Jira gives you natural keys like the Issue Key (PROJ-123) or Project Key (PROJ). Use these as business keys for human-readable references.
But for technical versioning, you’ll want surrogate keys. When an issue gets updated, the old version and the new version share the same Issue Key but have different surrogate keys. Keeps historization clean and queryable without ambiguity.
Two mechanisms that work well together:
Snapshots capture the full state of an entity at a point in time. Great for “what did the backlog look like last Tuesday?” queries.
Changelog-based versioning tracks individual field changes. More granular, less storage-heavy, and better for “how long was this ticket blocked?” analysis.
We use both: snapshots for portfolio-level reporting, changelog versioning for issue-level deep dives. Overkill? Maybe for small instances. But at scale, you’ll want both sooner than you think.
We chose BigQuery for a few practical reasons:
That said, the same architecture works on Azure SQL, Postgres, or AWS Redshift. Pick what fits your stack. We’ve seen teams run this on Postgres for smaller instances and it works fine — you just lose some of the auto-scaling convenience.

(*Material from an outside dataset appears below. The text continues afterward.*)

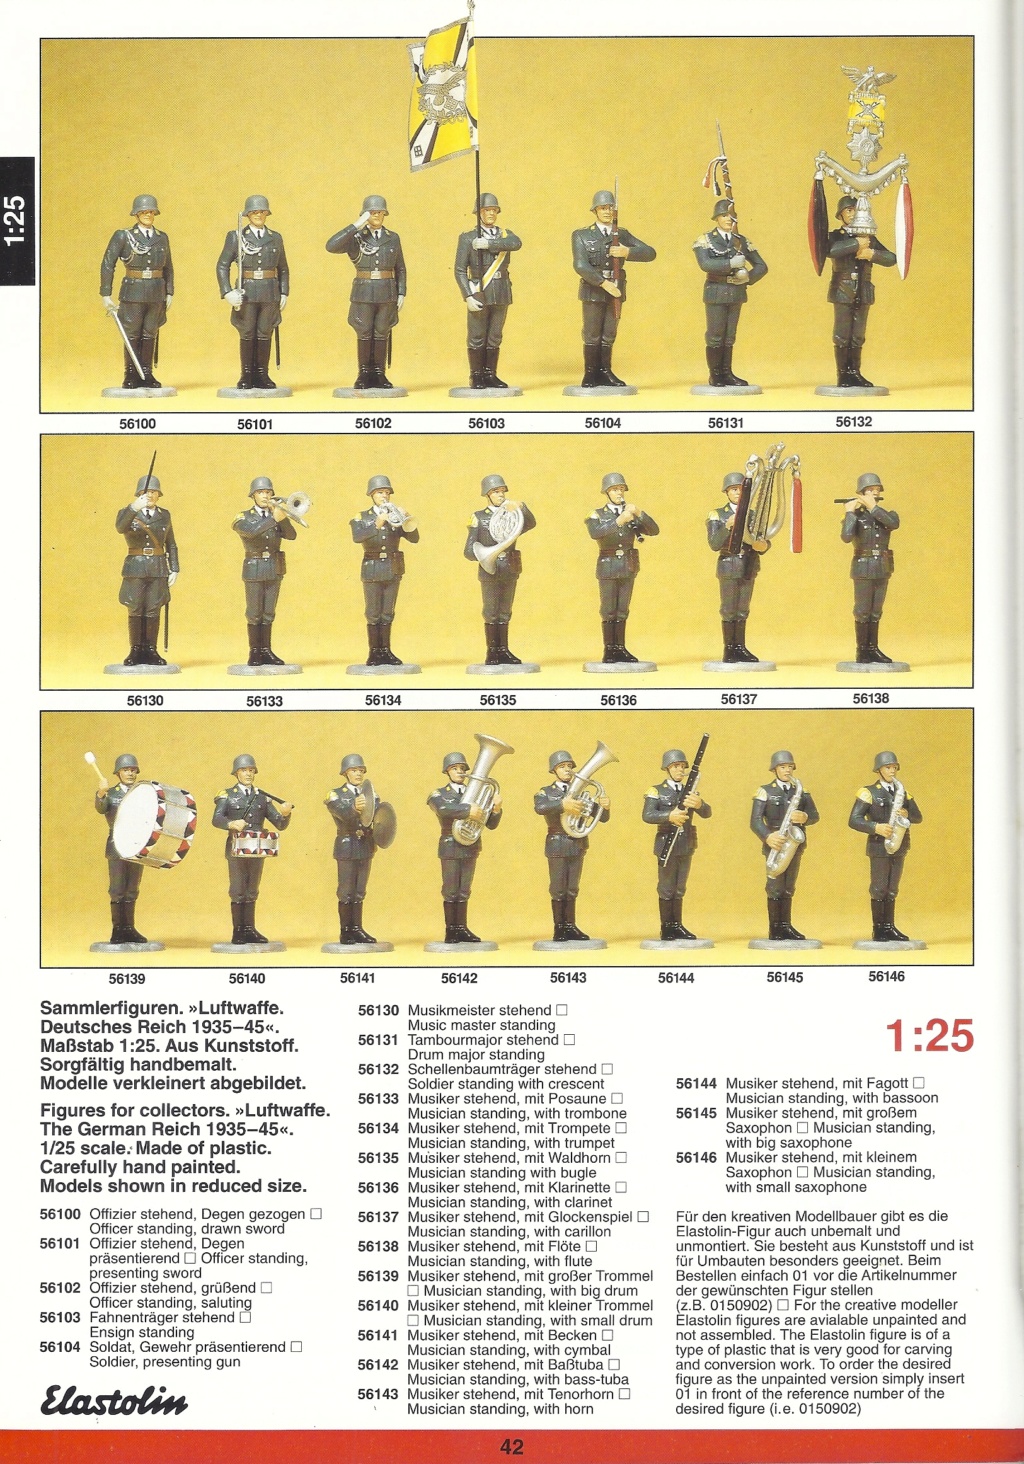 [PREISER 1996] Catalogue elastolin 1996 Preis185

Once the raw data lands in your warehouse, you’ll want to transform it further:
Build data marts for specific use cases — one for the PMO, one for engineering metrics, one for finance. Resist the urge to build one giant “everything table.” It never works.
Generate dimension tables (users, projects, statuses, priorities) that serve as lookup tables across all marts.
Set up automatic user referencing so every user ID in any table resolves to the central user table. Sounds trivial until you realize Jira Cloud uses accountId while Data Center uses username.
Running more than one Jira instance? Common in large enterprises — maybe one Data Center for legacy projects and one Cloud instance for new teams. Or separate instances per business unit that were never consolidated.
Our pipeline handles both. The data lands in the same warehouse with an instance identifier, giving you a unified view across all Jira environments. Cross-instance reporting becomes straightforward: compare velocity between teams, or track a project that spans multiple instances.
Portfolio reporting that reflects reality — not the version someone manually updated in a slide deck last week.
Bottleneck analysis. Which workflow step causes the most delays? Which team consistently underestimates story points? The data is there — you just need to be able to query it.
Trend forecasting. With 6+ months of historical data, patterns emerge: seasonal spikes, creeping scope, teams that slow down before releases.
Resource planning based on actual throughput instead of gut feeling and spreadsheet estimates.
Cross-system insights. When Jira data meets SAP financials in one warehouse, finance teams finally get the cost transparency they’ve been asking for. Planned vs. actual, by project, by quarter. That’s hard to argue against.
Keep the raw JSON. Always. In a staging layer. When your data model evolves — and it will — you can reprocess from source without re-extracting. This has saved us more times than we’d like to admit.
Think about security before the first team gets access. PII masking, row-level security, audit logs — bake these in early. Retrofitting security onto a running warehouse with live users is painful and politically messy.
Design for growth. Your first use case might be a simple sprint burndown. But once teams see what’s possible with their data in a proper warehouse, requests multiply fast. Partition your tables, use incremental loads, and keep your schema extensible.